[[ The data, beginning ]]

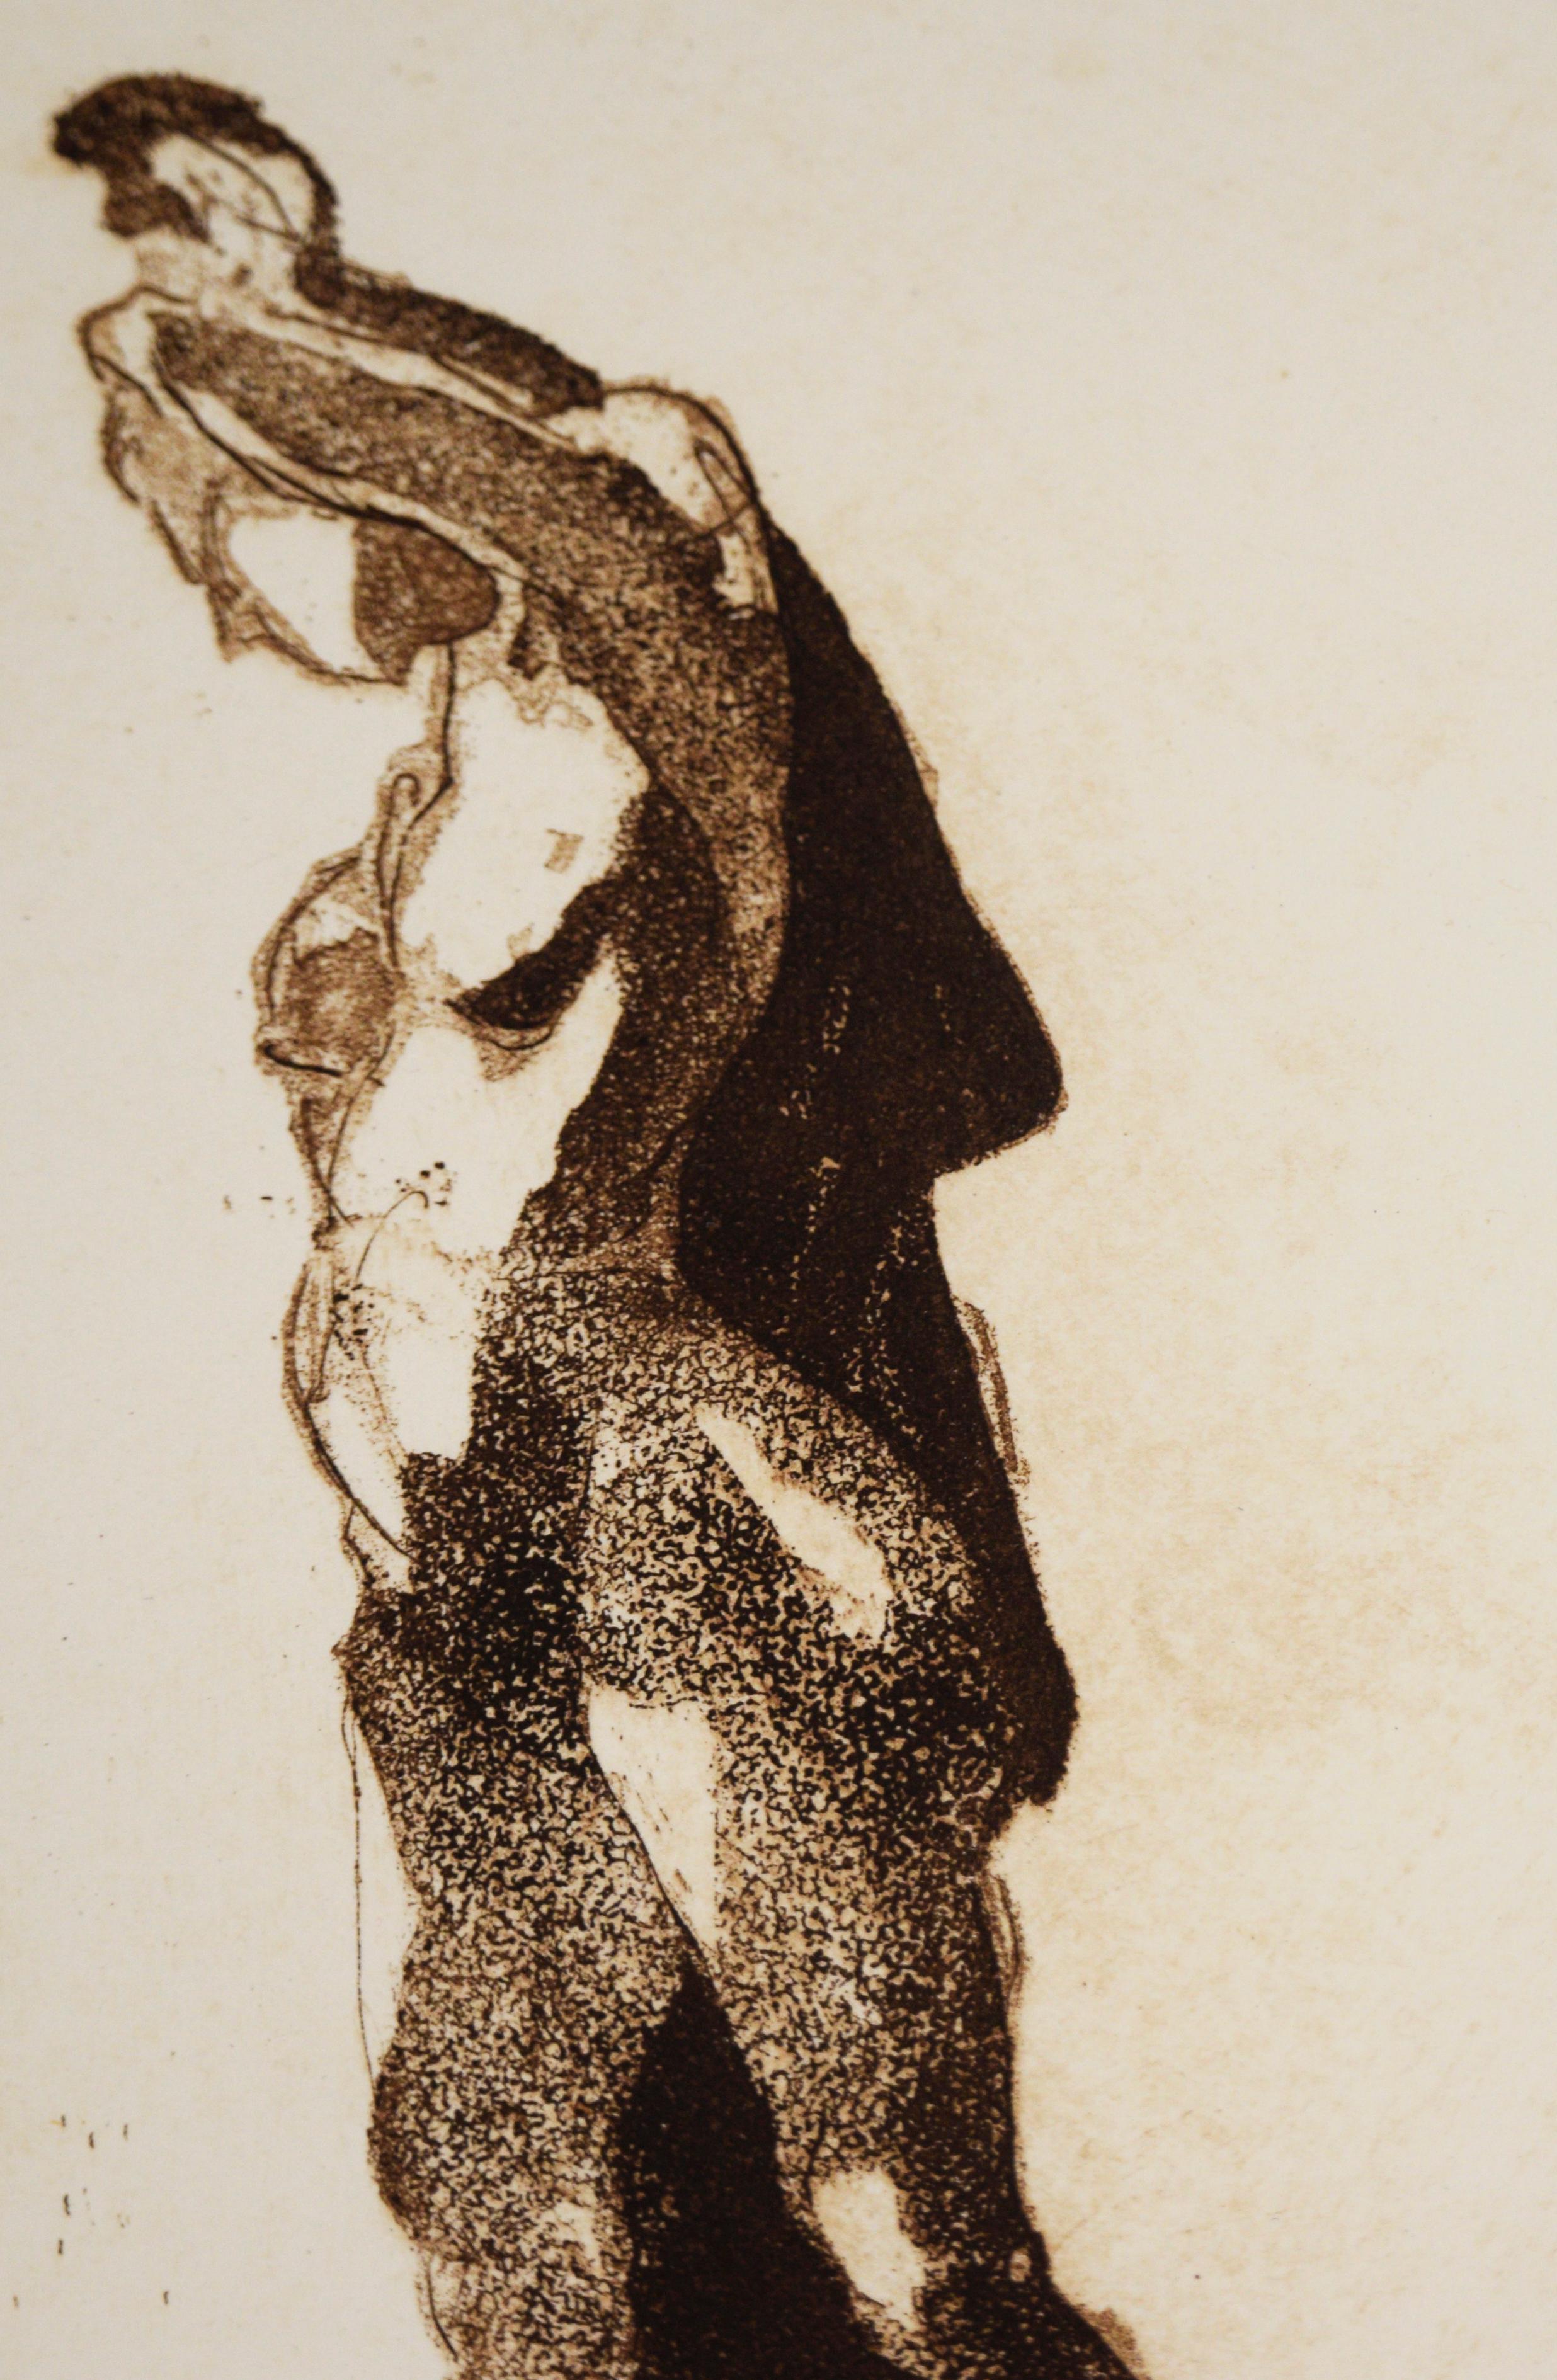 „Study 6“ - 1975 Figurative Lithographie auf Papier

Abstrakte figurative Lithografie von Jim Smyth (Amerikaner, geb. 1938). Die nackte Figur ist mit einer Hand über dem Kopf zu sehen, die ein Tuch hält, während sie nach unten blickt.

Unten

[[ The data, end ]]

— Activity —
Pictures stay out; all other material above is restated word for word.

— Expected output —
 „Study 6“ - 1975 Figurative Lithographie auf Papier

Abstrakte figurative Lithografie von Jim Smyth (Amerikaner, geb. 1938). Die nackte Figur ist mit einer Hand über dem Kopf zu sehen, die ein Tuch hält, während sie nach unten blickt.

Unten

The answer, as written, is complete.